Ocrad 0.17. Ocrad is the GNU OCR program. It was written by Antonio Diaz Diaz and is licensed under GPL.
GOCR 0.44. GOCR is an OCR program written by Joerg Schulenburg and others. It is licensed under GPL.
Tesseract 2.00. Tesseract is an OCR engine that was developed by Hewlett Packard in the 1980's and 1990's and was state-of-the-art at the time. Under the sponsorship of Google, Tesseract was made open source in 2006. It is released under an Apache license.

All three programs could be compiled and installed out of the box using the standard "./configure", "make", and "make install" commands. Note that Tesseract 2.00 requires downloading two tarballs: the engine itself and a language-specific data set.

The test data

The test data consists of two pages of text, which were scanned in color at 600dpi. The pages were edited slightly to remove confidential information, and were cropped to a bounding box around the text area. Each page contains a single column of text.
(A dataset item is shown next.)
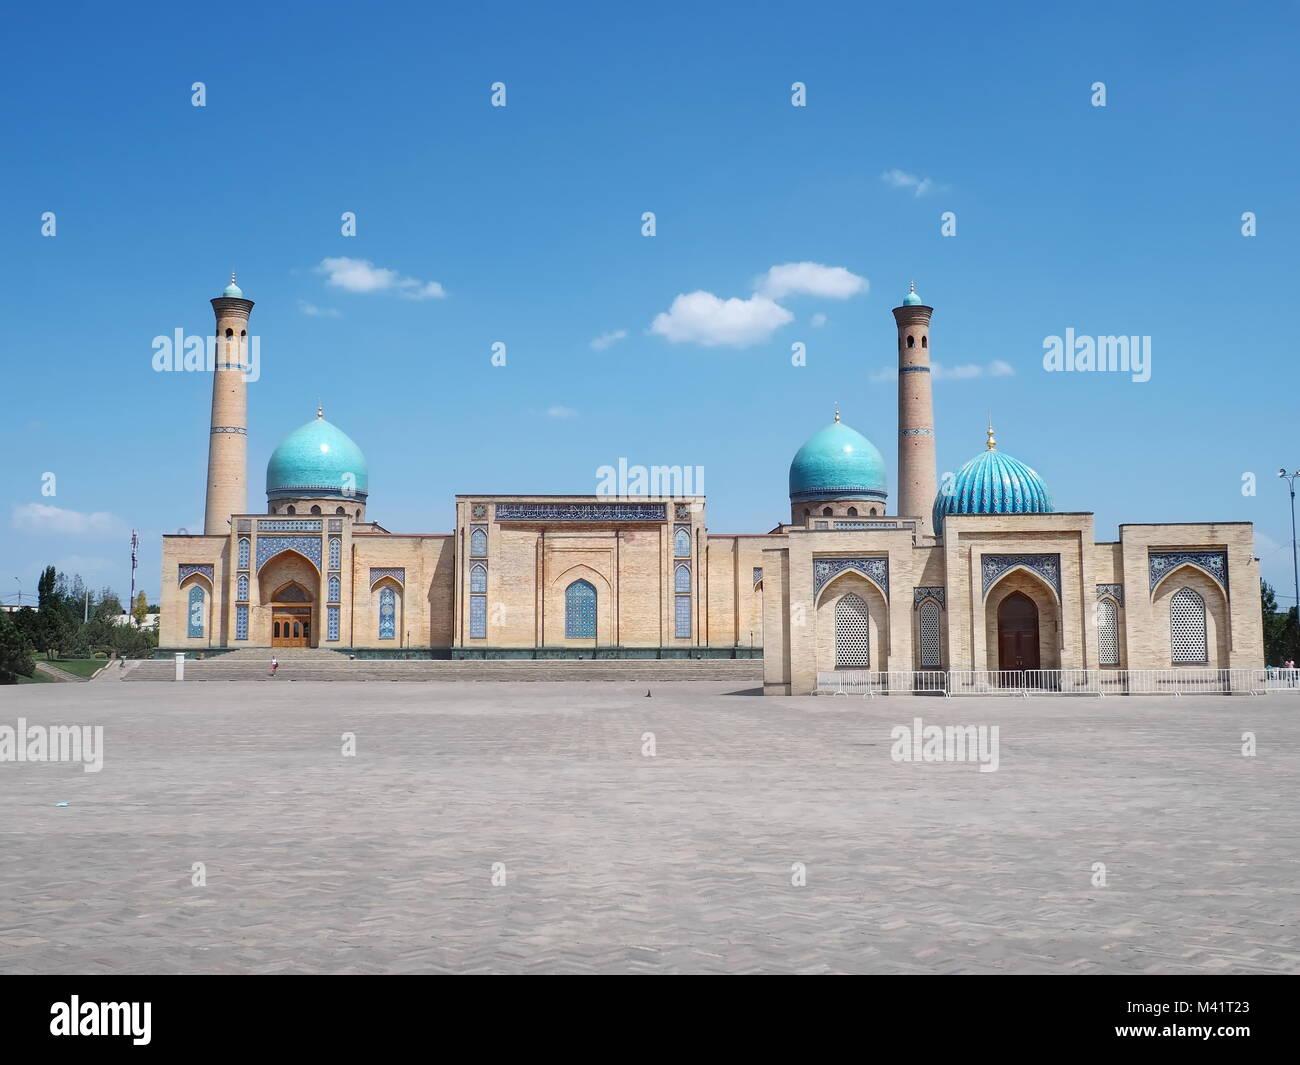 Tashkent religion

From each original color image, I also produced two thresholded bitonal images. The first bitonal image was obtained by naively thresholding the color image at a grey level of 0.5. The second bitonal image was obtained by a custom method which first applied a highpass filter with a radius of 50 pixels, and then thresholded at a grey value of 0.02. The custom filtering and thresholding was done using the mkbitmap program, using the parameters -x -f 50 -t 0.02. The intention of the custom thresholding method was to produce a lighter image, thereby increasing separation between individual letters.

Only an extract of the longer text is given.